In the records below, repeat word for word only the lines starting at the one that contains "Hymn and Gospel" and ending at the one that contains "Mermaid Bath Salt", pictures excluded.

Task material:
* * * * *

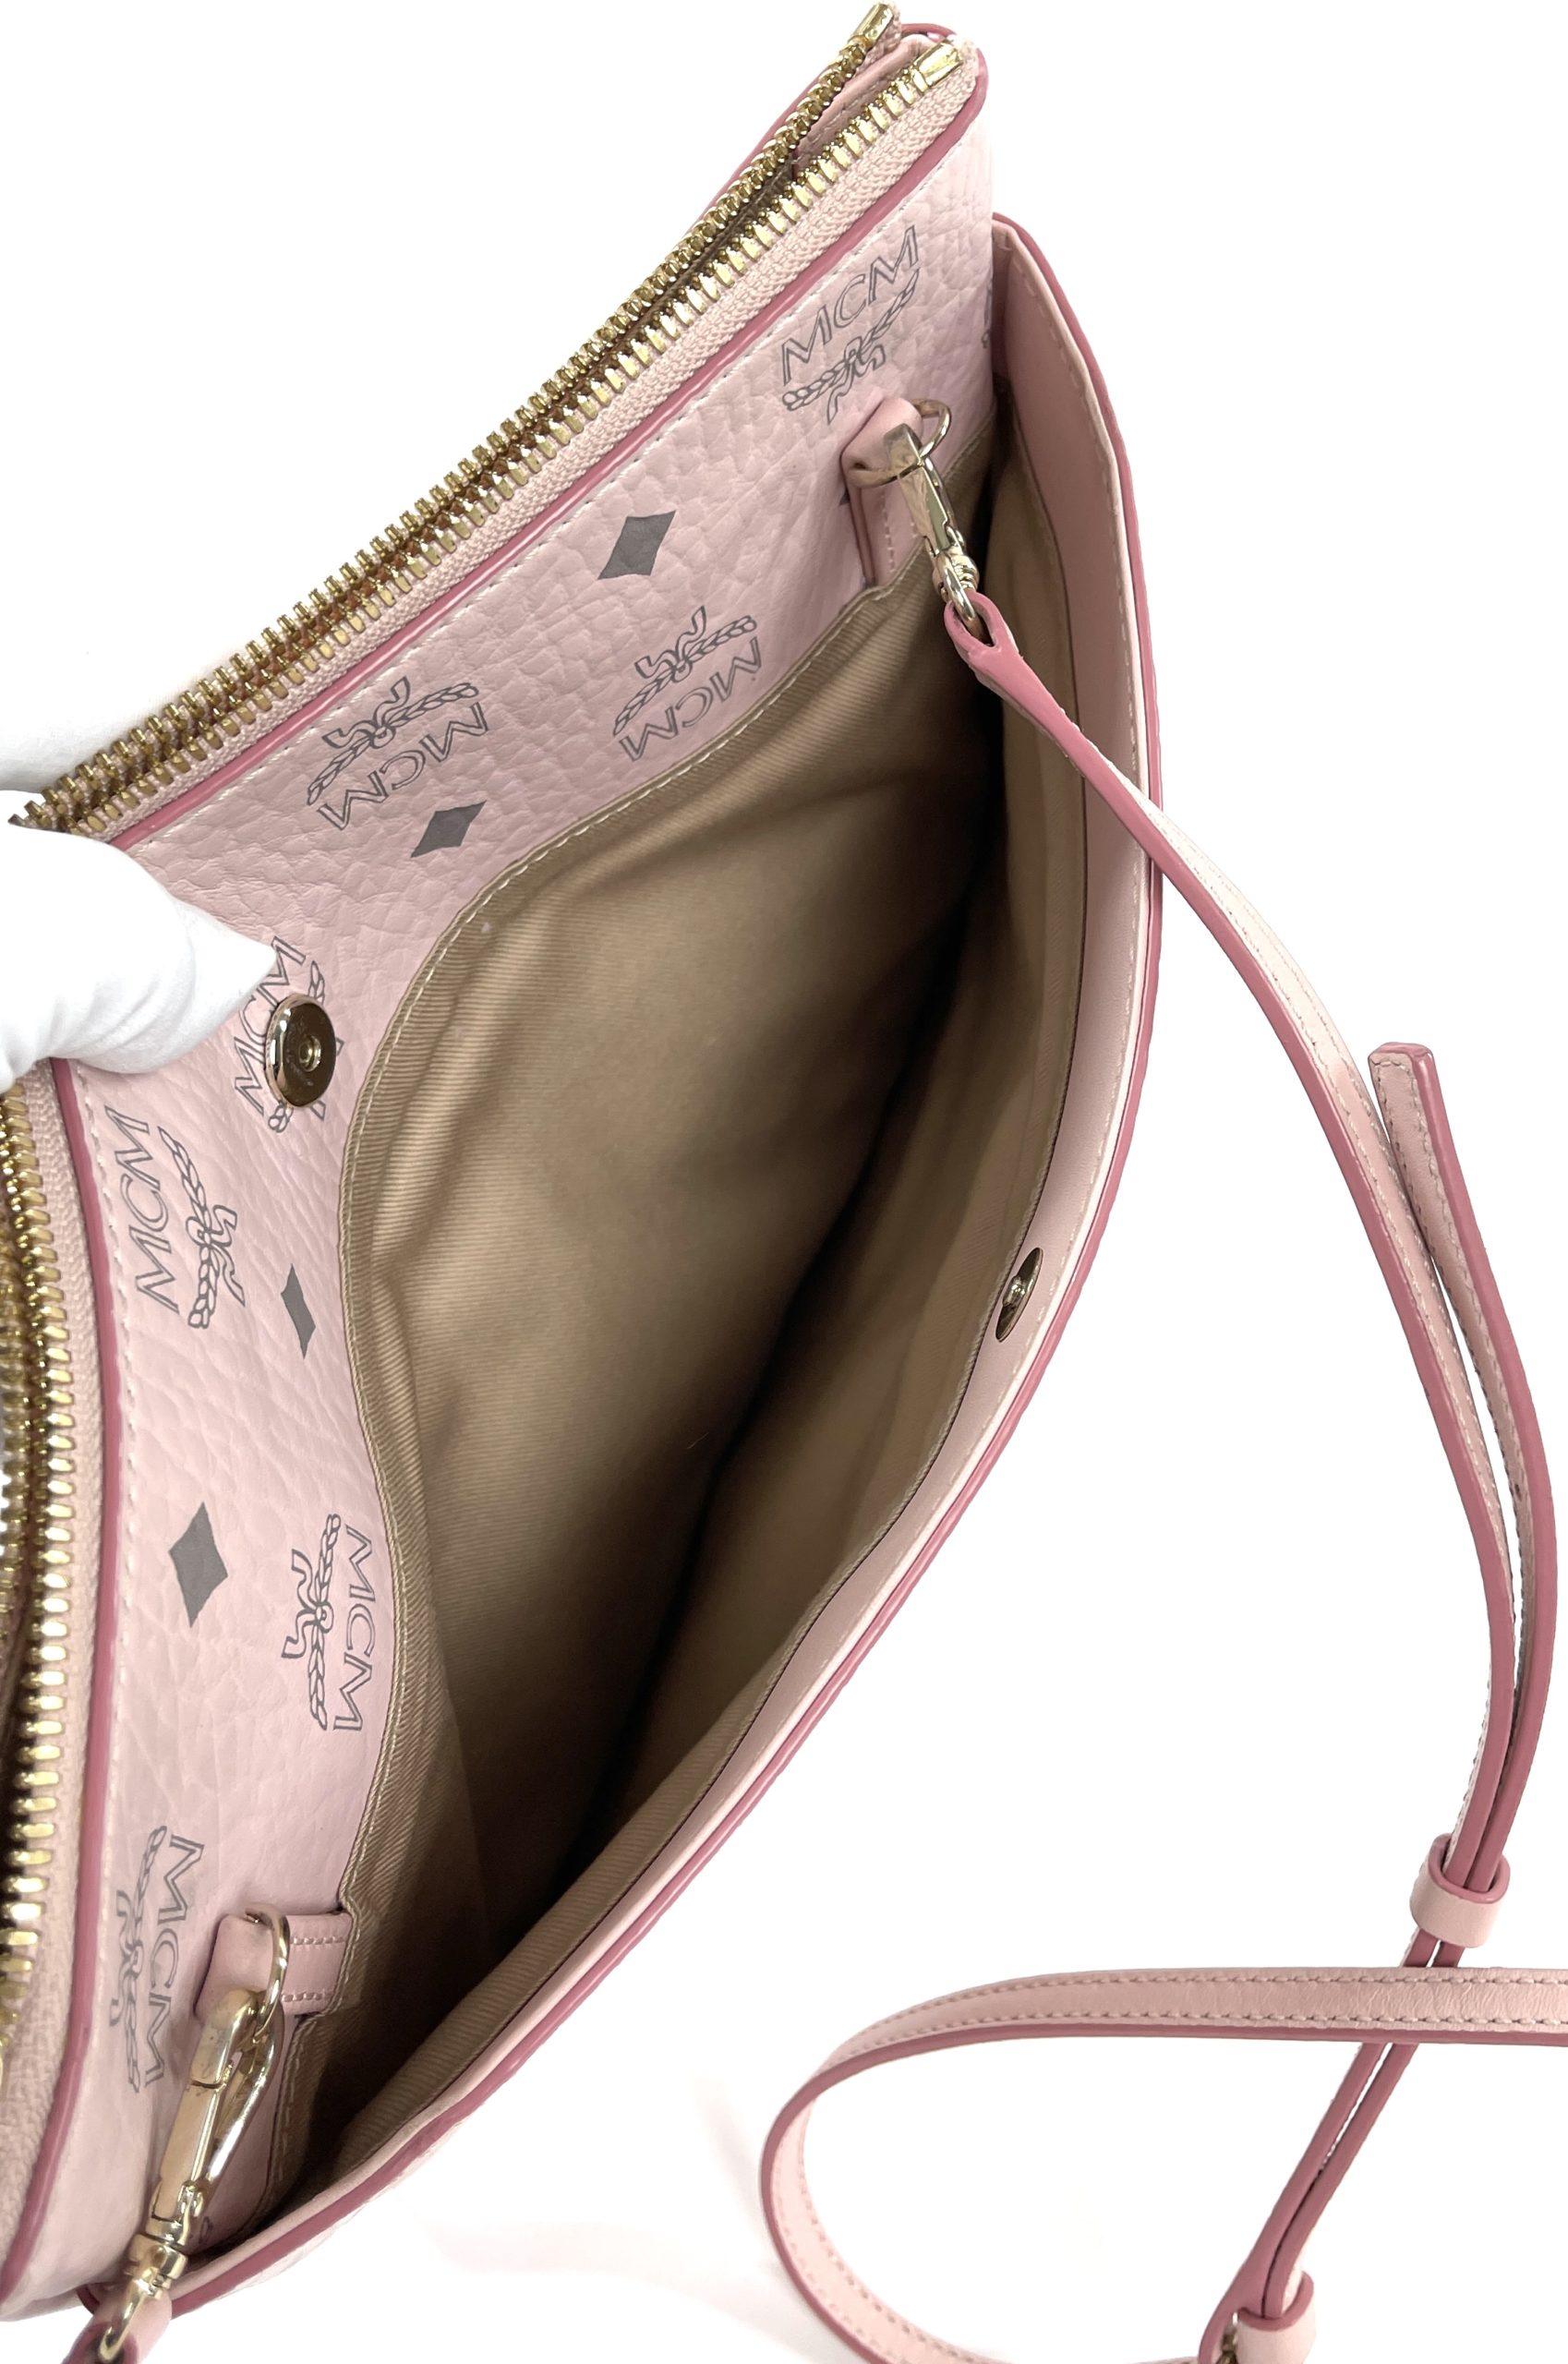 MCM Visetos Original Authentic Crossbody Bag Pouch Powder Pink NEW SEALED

* * * * *

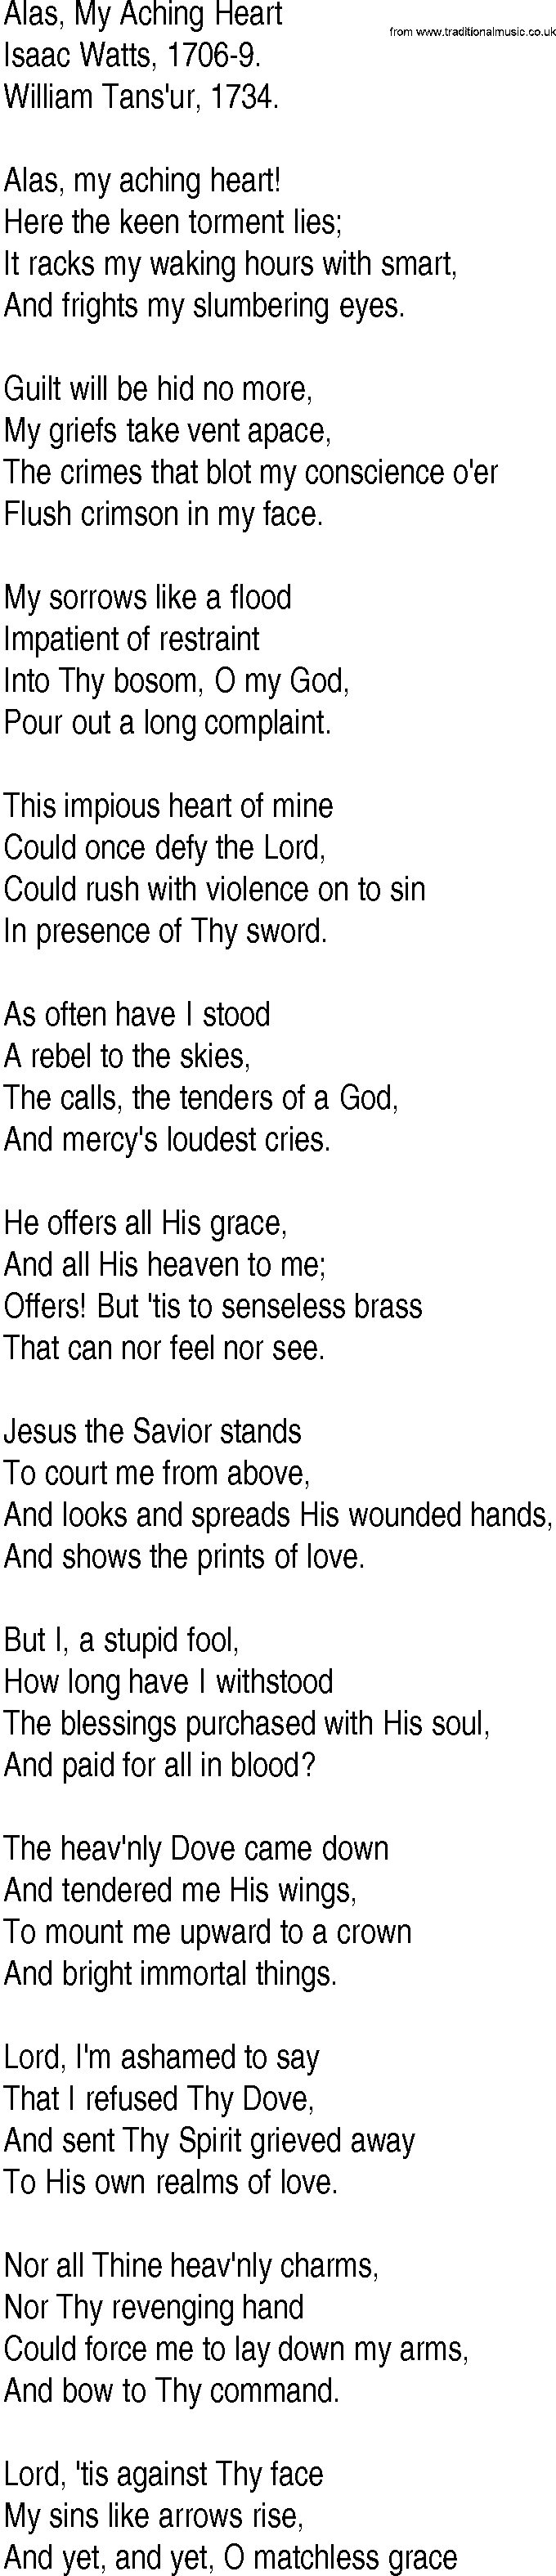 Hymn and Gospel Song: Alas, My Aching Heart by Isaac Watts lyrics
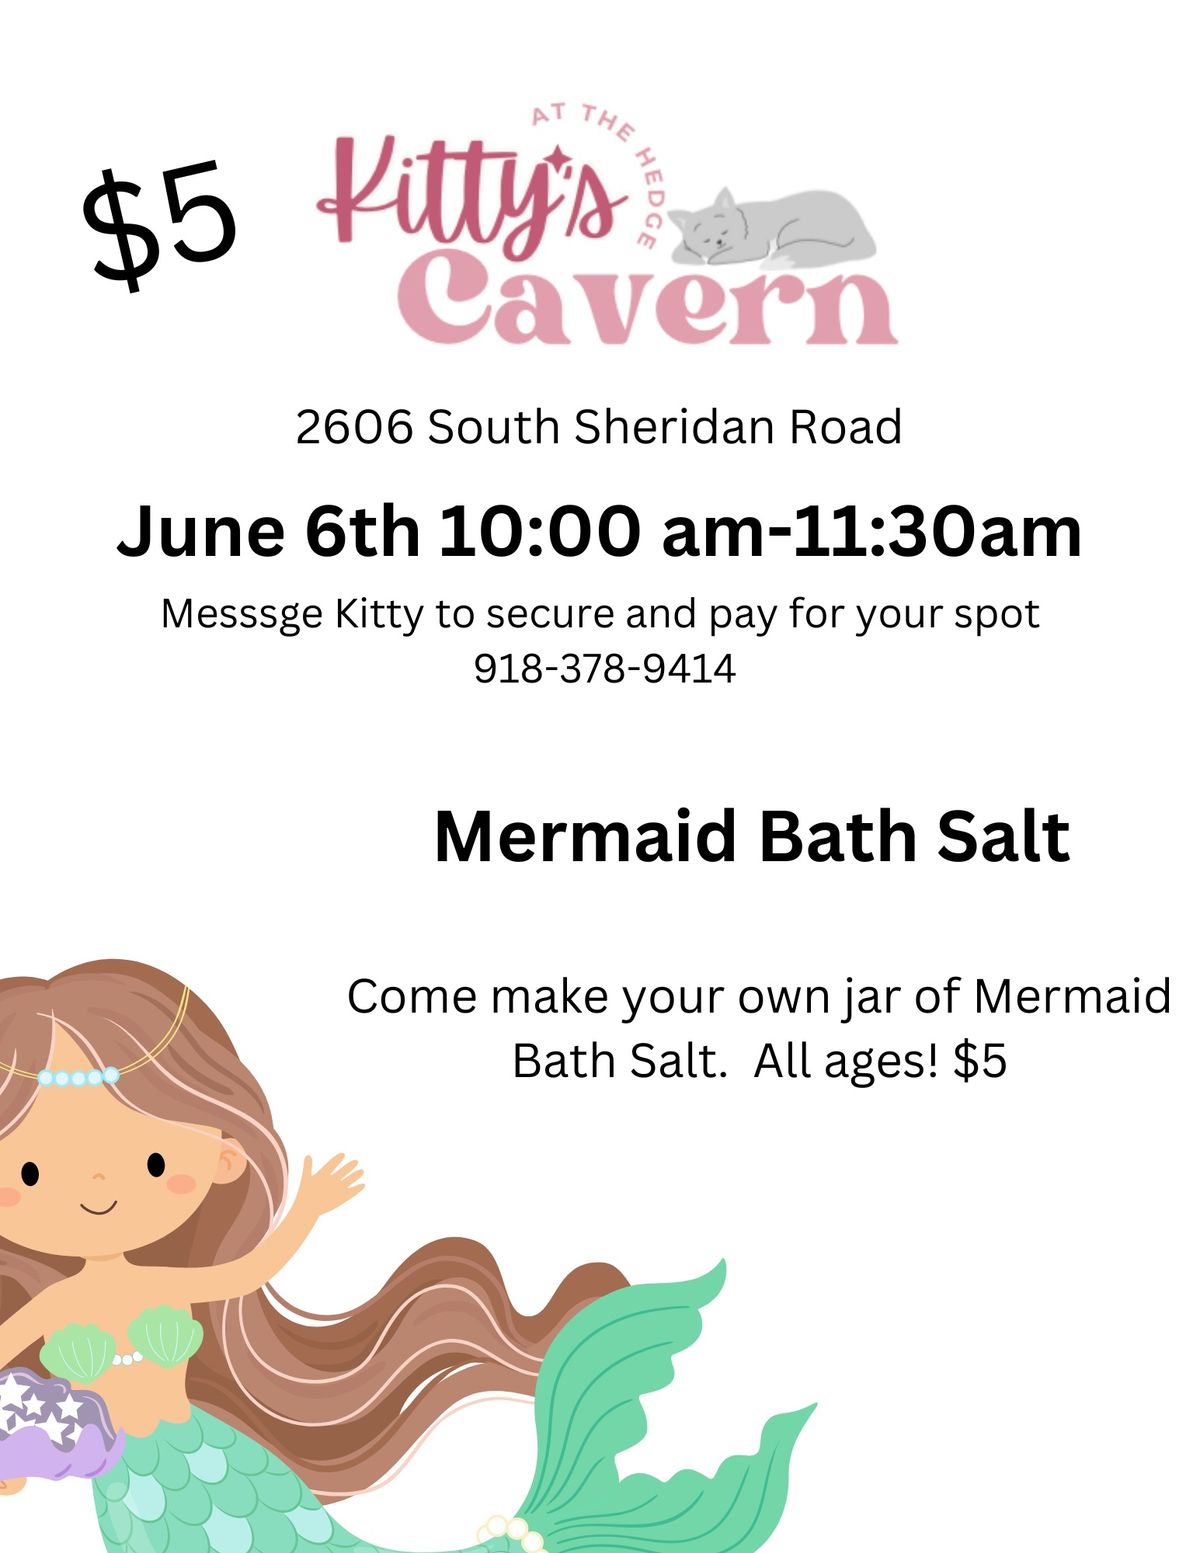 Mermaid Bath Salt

* * * * *

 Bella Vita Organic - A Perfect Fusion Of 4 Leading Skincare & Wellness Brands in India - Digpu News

* * * * *

Task response:
 Hymn and Gospel Song: Alas, My Aching Heart by Isaac Watts lyrics
 Mermaid Bath Salt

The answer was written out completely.